▶ **REQUIRED WORK**: Search the data for the string "Page" and extract every line where it appears.

▶ **INPUT DATA**:
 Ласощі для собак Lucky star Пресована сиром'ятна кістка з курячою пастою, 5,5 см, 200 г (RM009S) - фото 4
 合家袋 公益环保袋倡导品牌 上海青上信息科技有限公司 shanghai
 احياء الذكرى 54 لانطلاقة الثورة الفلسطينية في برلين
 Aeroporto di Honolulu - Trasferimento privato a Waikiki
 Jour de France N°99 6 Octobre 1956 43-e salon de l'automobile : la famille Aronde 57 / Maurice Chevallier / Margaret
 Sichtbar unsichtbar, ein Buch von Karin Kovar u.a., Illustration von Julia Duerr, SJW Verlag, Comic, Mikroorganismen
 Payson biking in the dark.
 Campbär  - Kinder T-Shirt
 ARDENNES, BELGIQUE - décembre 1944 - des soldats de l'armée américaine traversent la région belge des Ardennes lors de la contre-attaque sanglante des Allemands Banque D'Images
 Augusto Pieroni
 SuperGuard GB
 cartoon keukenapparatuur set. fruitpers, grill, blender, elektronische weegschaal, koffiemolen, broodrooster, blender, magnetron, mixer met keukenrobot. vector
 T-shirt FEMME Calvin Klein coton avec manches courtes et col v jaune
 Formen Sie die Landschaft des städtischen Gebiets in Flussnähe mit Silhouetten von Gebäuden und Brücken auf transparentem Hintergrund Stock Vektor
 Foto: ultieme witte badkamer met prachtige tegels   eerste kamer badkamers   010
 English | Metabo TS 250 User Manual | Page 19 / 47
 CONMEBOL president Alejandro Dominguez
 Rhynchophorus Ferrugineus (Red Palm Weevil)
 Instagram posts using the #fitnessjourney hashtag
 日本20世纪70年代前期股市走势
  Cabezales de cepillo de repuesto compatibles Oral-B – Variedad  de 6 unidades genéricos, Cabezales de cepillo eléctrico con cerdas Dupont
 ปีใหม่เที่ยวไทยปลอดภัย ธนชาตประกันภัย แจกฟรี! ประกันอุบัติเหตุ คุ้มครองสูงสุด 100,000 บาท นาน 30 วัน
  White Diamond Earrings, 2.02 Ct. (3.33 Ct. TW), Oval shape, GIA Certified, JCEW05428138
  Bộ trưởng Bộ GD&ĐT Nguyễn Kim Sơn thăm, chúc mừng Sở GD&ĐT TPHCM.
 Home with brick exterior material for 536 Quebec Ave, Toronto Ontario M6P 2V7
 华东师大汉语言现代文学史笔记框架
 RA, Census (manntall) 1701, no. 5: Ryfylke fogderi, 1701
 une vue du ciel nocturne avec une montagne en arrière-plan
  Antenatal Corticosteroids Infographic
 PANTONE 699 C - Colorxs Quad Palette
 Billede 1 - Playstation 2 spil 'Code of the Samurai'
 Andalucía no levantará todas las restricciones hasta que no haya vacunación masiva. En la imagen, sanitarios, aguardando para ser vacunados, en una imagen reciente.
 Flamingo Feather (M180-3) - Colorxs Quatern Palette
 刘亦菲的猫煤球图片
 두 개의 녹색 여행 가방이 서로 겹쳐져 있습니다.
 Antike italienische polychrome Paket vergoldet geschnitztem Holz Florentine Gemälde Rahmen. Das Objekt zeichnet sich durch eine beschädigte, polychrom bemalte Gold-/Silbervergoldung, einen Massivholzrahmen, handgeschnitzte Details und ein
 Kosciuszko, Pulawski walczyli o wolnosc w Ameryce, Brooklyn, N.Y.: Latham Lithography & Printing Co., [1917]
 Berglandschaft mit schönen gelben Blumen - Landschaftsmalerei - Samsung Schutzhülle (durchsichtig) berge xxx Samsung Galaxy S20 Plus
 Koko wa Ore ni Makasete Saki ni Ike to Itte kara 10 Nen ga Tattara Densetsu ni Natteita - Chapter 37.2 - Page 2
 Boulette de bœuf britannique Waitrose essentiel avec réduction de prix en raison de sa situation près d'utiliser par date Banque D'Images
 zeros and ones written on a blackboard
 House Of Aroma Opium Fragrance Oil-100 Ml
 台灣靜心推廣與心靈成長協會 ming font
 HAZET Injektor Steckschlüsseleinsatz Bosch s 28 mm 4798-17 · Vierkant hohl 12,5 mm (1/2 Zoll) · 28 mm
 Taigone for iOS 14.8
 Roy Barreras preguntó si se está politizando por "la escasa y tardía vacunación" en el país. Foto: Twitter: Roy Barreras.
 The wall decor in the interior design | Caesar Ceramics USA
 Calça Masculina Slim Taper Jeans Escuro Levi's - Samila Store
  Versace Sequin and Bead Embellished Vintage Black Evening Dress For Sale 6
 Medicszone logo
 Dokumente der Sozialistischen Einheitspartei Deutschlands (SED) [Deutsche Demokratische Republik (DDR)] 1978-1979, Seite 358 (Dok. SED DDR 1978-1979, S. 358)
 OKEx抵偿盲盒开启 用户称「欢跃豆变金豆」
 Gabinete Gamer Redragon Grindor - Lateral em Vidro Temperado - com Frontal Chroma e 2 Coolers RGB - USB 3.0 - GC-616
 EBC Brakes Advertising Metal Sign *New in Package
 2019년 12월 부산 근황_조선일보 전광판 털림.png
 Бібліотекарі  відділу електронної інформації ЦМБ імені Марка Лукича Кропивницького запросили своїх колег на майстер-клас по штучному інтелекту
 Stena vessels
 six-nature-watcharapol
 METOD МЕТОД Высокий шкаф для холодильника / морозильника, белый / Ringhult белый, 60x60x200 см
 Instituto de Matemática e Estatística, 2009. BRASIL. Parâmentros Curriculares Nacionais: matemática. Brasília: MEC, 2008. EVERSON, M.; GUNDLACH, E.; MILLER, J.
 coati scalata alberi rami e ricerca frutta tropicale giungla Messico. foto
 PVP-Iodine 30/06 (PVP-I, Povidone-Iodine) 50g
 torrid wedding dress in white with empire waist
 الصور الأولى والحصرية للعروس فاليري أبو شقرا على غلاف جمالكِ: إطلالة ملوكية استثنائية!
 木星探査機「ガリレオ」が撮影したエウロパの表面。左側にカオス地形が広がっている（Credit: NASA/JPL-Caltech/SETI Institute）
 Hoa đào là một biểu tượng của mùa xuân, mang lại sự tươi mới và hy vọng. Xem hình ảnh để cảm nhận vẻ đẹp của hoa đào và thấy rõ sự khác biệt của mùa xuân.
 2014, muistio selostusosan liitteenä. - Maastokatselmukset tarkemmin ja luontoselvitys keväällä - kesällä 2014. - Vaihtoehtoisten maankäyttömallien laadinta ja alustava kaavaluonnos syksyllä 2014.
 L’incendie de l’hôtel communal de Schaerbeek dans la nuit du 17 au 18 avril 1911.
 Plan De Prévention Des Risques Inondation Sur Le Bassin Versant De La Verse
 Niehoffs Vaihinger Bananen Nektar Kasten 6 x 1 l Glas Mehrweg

▶ **WRITTEN ANSWER**:
 English | Metabo TS 250 User Manual | Page 19 / 47
 Koko wa Ore ni Makasete Saki ni Ike to Itte kara 10 Nen ga Tattara Densetsu ni Natteita - Chapter 37.2 - Page 2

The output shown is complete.